Far from Centres: A Simple Place…and People
Writing about the impact of tourism on the Caribbean, Polly Pattullo notes that the region, “whatever the brutality of its history, kept its reputation as a Garden of Eden before the Fall.” She adds that the “idea of a tropical island was a further seductive image: small, a ‘jewel’ in a necklace chain, far from centres of industry and pollution, a simple place, straight out of Robinson Crusoe. Not only the place, but the people too, are required to conform to the stereotype” (1996: p.142). Pattullo describes an unsophisticated place—an uncomplicated, clichéd paradise—situated far from global, metropolitan centres, and a people equally simplified, reduced. It is this aesthetic of the simple place, and by extension, a simple people, that Blue Curry addresses.
In his work AKA (2022), he presents six plastic badges, name tags typically worn as part of the tourism and hospitality service experience. Yet, the badges bear the descriptors ‘native,’ ‘exotic,’ ‘other,’ ‘colonial.’ We cannot use these to summon the lived memories, aspirations and trials that come with a bartender, as a matter of course, when we signal her by name, or evoke family histories when we hail our taxi driver. The badges erase any reference to the personal, to individual biographical information. Instead, Curry envisions a wearer who has been typecast, or assigned a role to be performed—the intricacies of a life story disentangled and paraphrased as one, homogenizing word. This uniformity is intensified by Curry’s choice of a conch shell-pink hue for the badges. The colour is used to paint and identify government buildings in The Bahamas. By deploying it in the work, Curry implicates the State in how tropical places present and sell themselves, and he underscores the institutionalization or normalization of unnuanced ways of being that are reproduced and reified in tourism practices.
In his digital video, with accompanying soundtrack, titled
1492-2022 (2022), Curry sets up a tension in the aesthetic of the simple place by drawing our attention to social complexities. The video shows actual footage of a man vandalizing a Christopher Columbus monument, a major tourist attraction which stood at the front of Government House in The Bahamas. In 2021, the man was arrested for taking a sledgehammer to the statue. We witness his reckoning with the colonial vestige in the video, but Curry disturbs our view with his deliberate editing. He prevents a steady gaze upon a society’s deep contention and frustration.
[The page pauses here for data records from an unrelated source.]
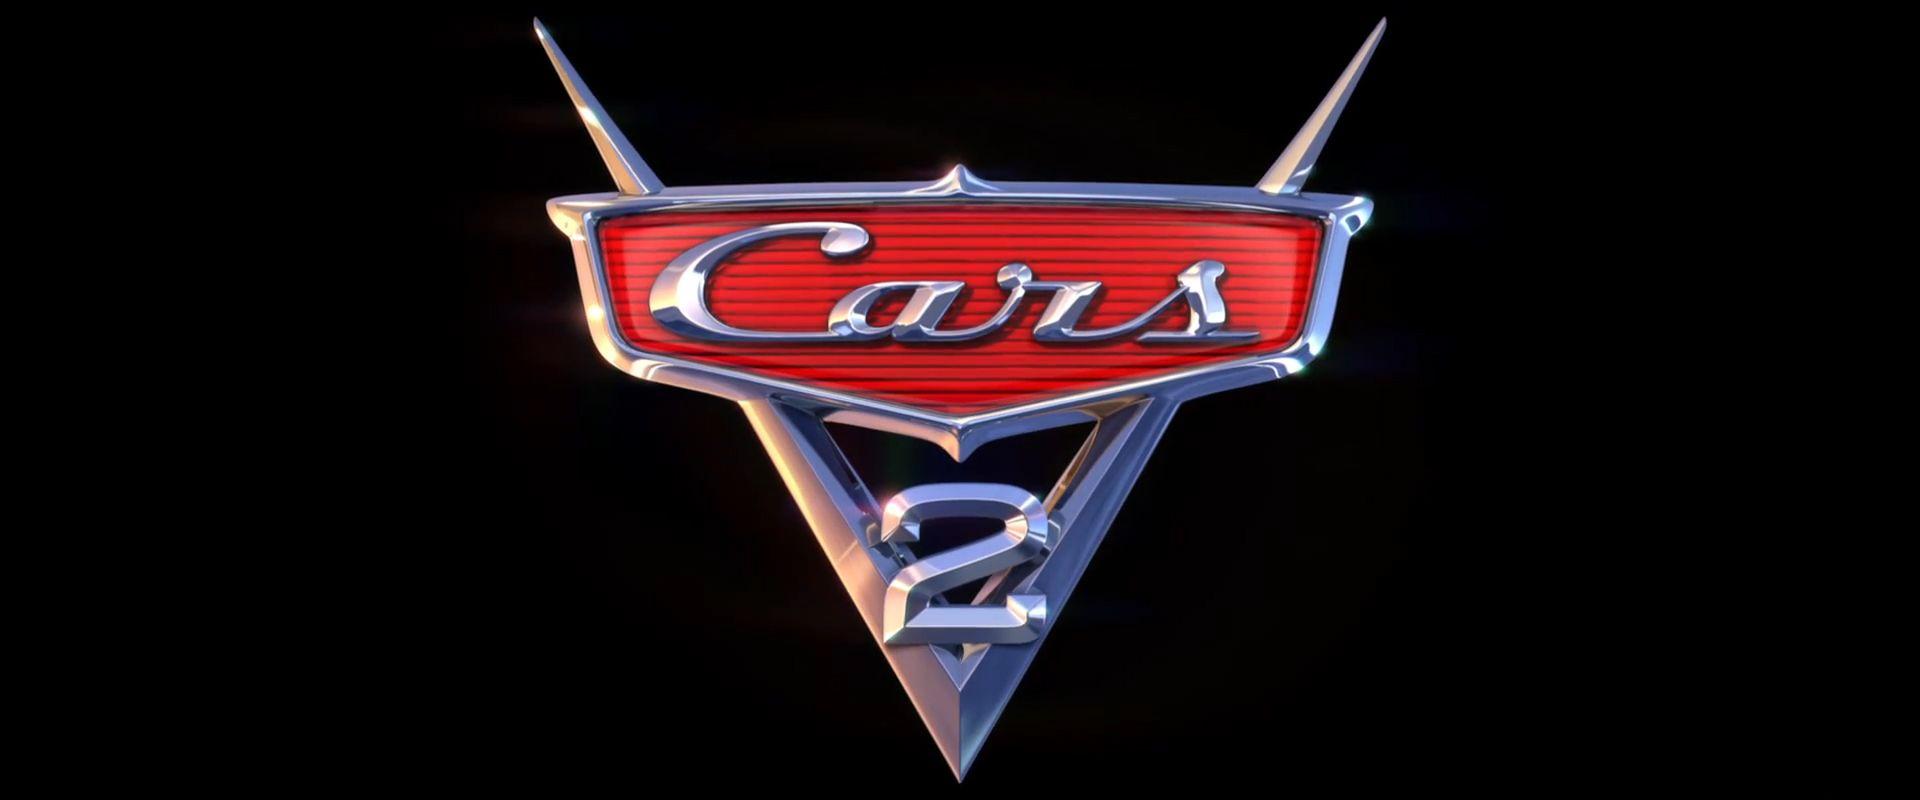 Cars 4 Logo - Image - 51 cars 2.jpg | Logopedia | FANDOM powered by Wikia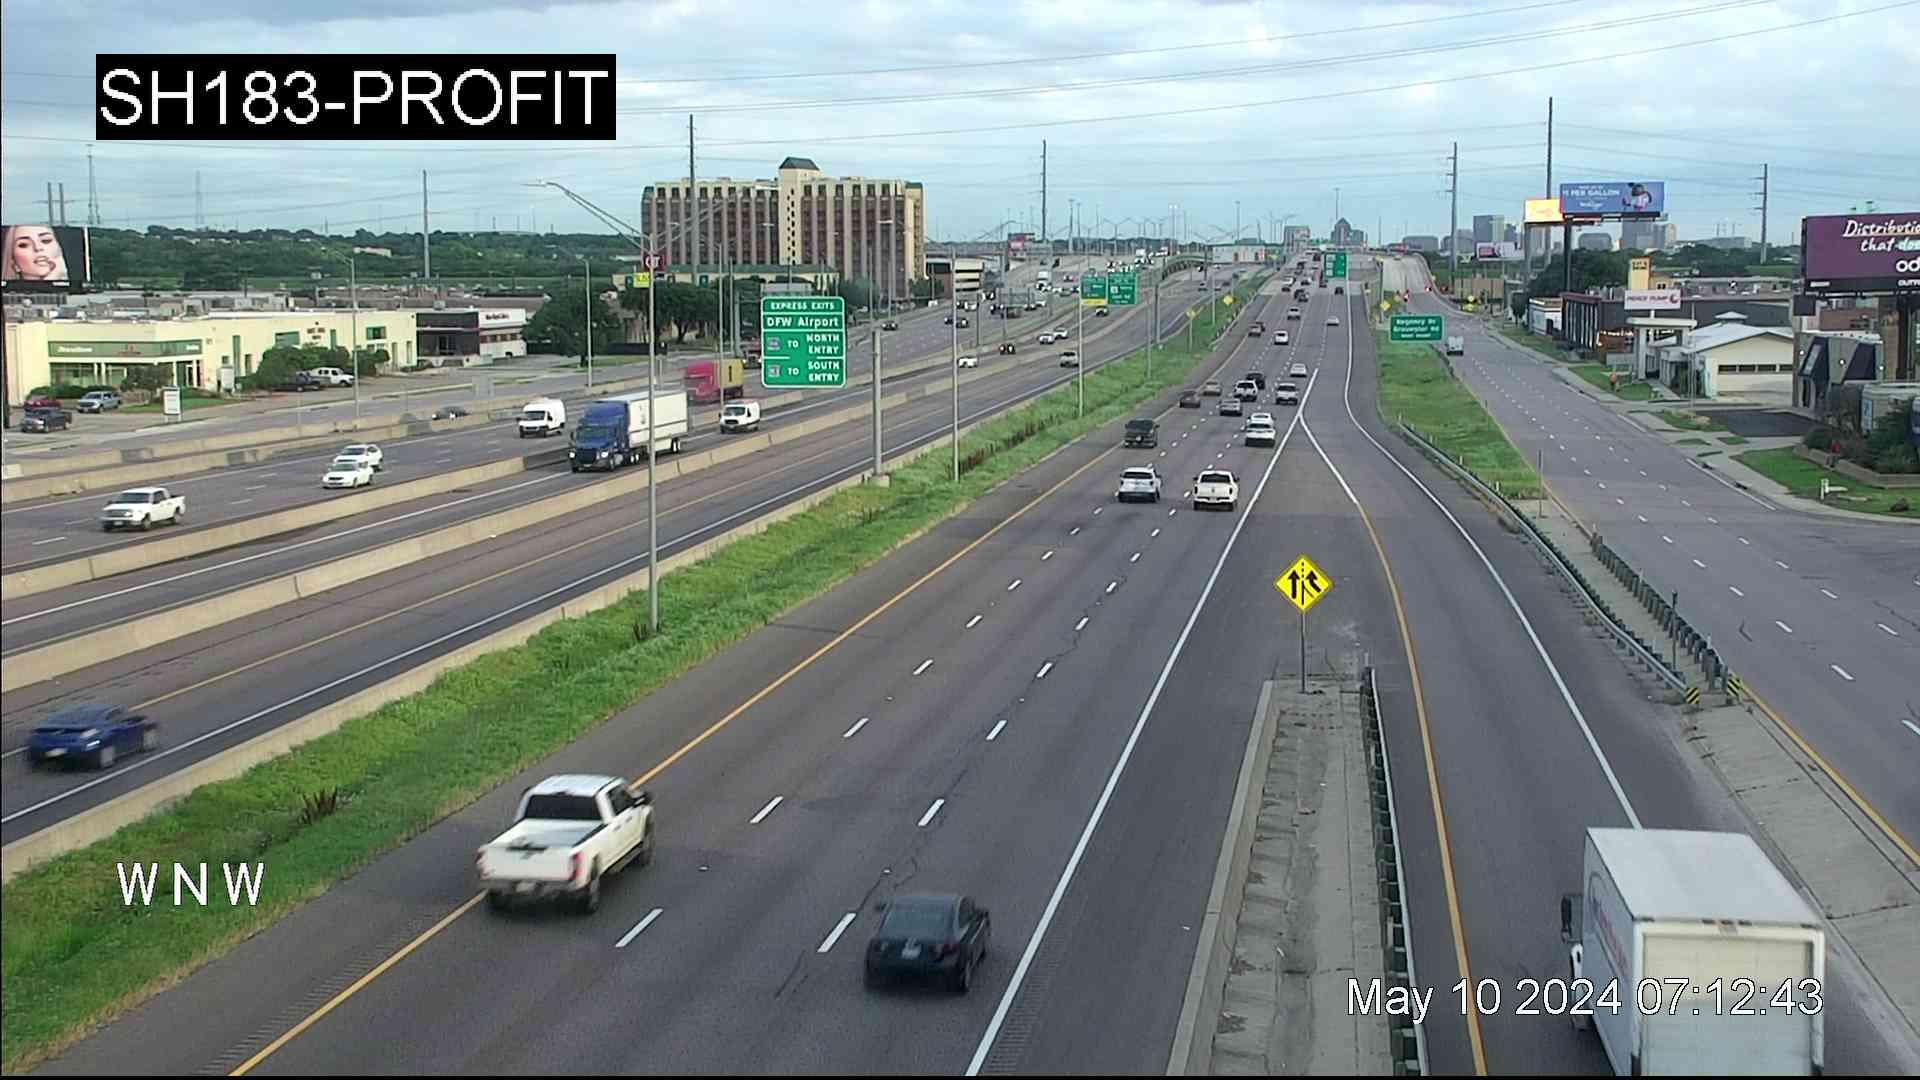 Dallas › East: SH 183 @ Profit Traffic Camera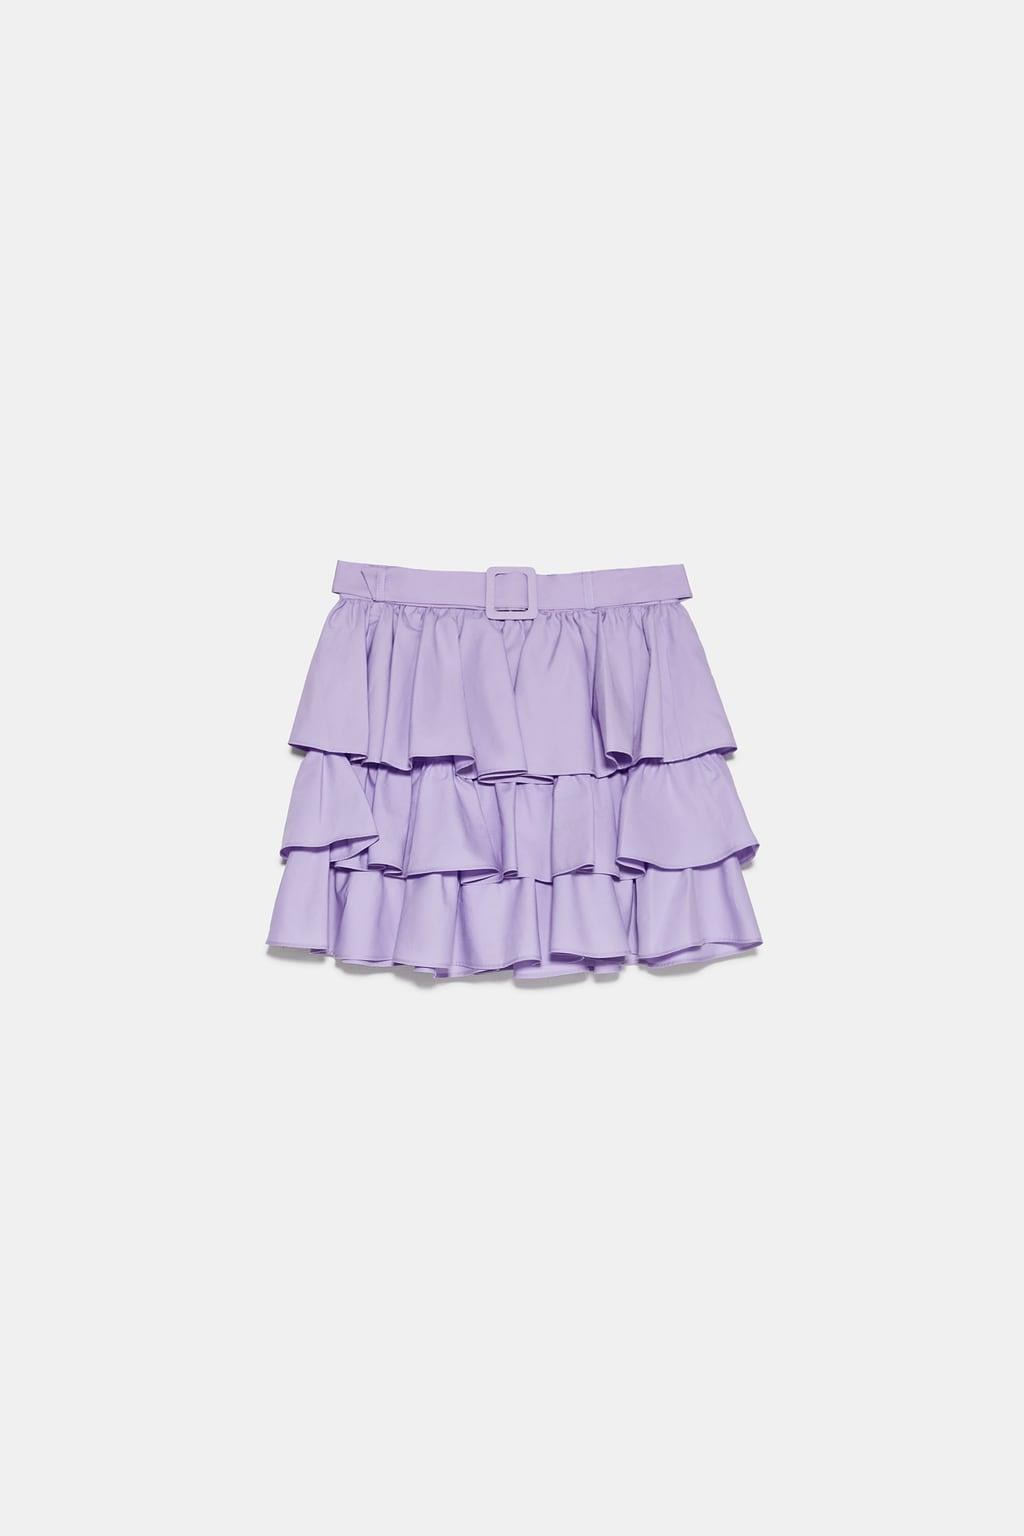 Minifalda lila con volantes, Zara

Flat blocks of pink colour (the same conch shell-pink) crop and obstruct the moving image—the solid, unmodulated colour functioning as a visual signifier of a simple place. Swatches of pink veil the difficult subjects of monument culture, public space, racism, and violent histories. To these images, Curry adds an additional layer. The song “Yellow Bird” is heard as the video plays. There is a dissonance between image and sound, as our eyes catch moments of the hammer’s forceful blows to the statue, and our ears hear the gentle strum of a guitar. The sweet melody works in opposition to the real-world clash between a man and a colonial ‘hero.’ But, Curry’s musical selection is intentional, here.
“Yellow Bird” is a staple in the repertoire of performance acts crafted for vacationers in the Caribbean, a soundscape for sipping rum punch and sampling spicy plantains under the warm glow of the setting sun. Listeners often enjoy its pleasant notes without knowing the details of its origin. The song, known today with English lyrics, comes from Choucoune, a Kreyòl lyrical poem written in the nineteenth century by Haitian poet Oswald Durand, and set to music by Haitian composer Michel Mauléart Monton. It was remixed and popularised in the 1950s when it was released as part of the album Calypso Holiday, featuring tracks sung by the North American Norman Luboff choir. In the 1960s, Hawaiian musician Arthur Lyman made the song a hit under the genre of exotica, a musical style steeped in island-life fantasy. Now used as a backdrop for tourist leisure, “Yellow Bird” is emptied of what Caribbean cultural theorist, Rex Nettleford, refers to as a “textured history”—a dynamic and complex narrative (2003: p149). Like the colour pink in Curry’s work, the song is rendered flattened too. In this video, the music serves as a sonic mask for the images, its tempo softening—flattening— the rough edges of a past that still lingers in the present. Colour and sound are threaded together to offset any firm sense of a multidimensional, complex place. They compress and simplify tropical realities, presenting a partial or unbalanced view of Caribbean experiences. This creative handling of (im)balance is evident in other artworks, as Curry not only explores this idea of the simple, but also notions of familiarity and strangeness.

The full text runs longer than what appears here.